Roma aposta forte em Adis-Abeba como ponte diplomática e económica. A escolha não é casual: na Etiópia está a sede da União Africana, o que confere à cimeira uma dimensão muito além de um simples diálogo bilateral. Está claramente calculado.
O Plano Mattei italiano visa construir algo duradouro. Fala-se de energia, infraestruturas, desenvolvimento industrial. A Itália não procura apenas contratos de curto prazo, ela estabelece as bases de uma cooperação estruturada. E, sinceramente, é uma abordagem que as outras potências europeias estão a começar a entender agora.
Na energia, é o núcleo do jogo. Roma intensificou os seus laços com os produtores do Norte de África e subsaarianos. A Europa precisa diversificar as suas fontes, e a África oferece soluções reais em gás e energias renováveis. Os projetos de infraestruturas e os corredores de transporte tornam-se críticos. É também interessante notar que os capitais do Golfo estão a fluir para estes mesmos setores. Isto mostra o quão central a África se tornou nas cadeias de abastecimento globais.
Para além da energia, há toda a questão do setor manufatureiro. As PME italianas veem oportunidades reais em transferência de tecnologia, nomeadamente na transformação alimentar e nas máquinas. É um pragmatismo económico.
Para a Etiópia, acolher esta cimeira é também uma oportunidade. O país atravessa reformas macroeconómicas apoiadas pelo FMI, estabiliza o seu mercado cambial, procura atrair investimentos estrangeiros diretos. Esta cimeira torna-se uma plataforma para mostrar que as reformas funcionam e que o país está aberto a capitais europeus.

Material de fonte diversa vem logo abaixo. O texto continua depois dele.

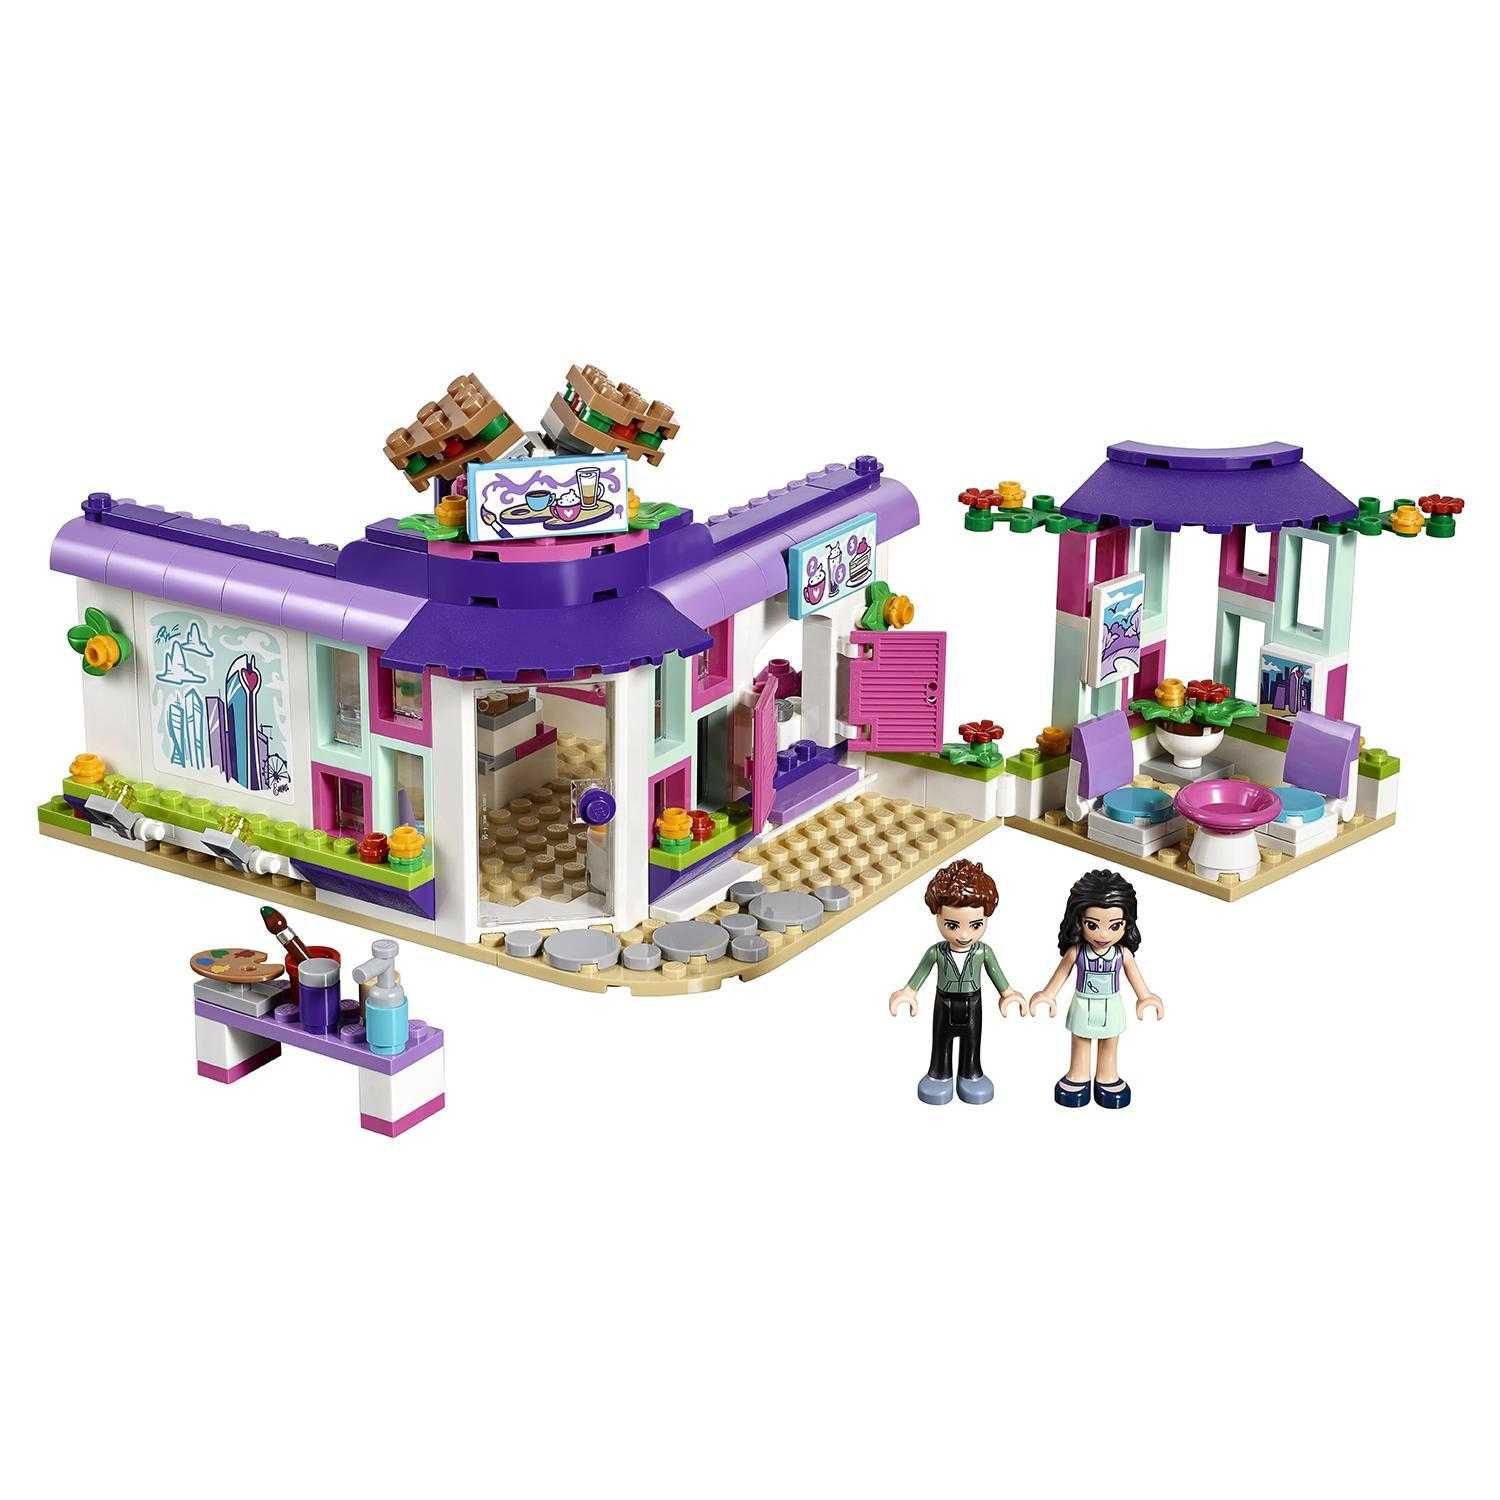 LEGO Friends: Арт-кафе Эммы 41336 конструктор игрушка

No geral, o que se vê é um recalibrar. A Itália posiciona-se como um parceiro pragmático, não idealista. Foco na segurança energética, no financiamento de infraestruturas, no crescimento do setor privado. À medida que a competição global pelos parcerias africanas se intensifica, o modelo italiano na Etiópia pode tornar-se uma referência para um envolvimento mais estruturado e centrado no investimento real.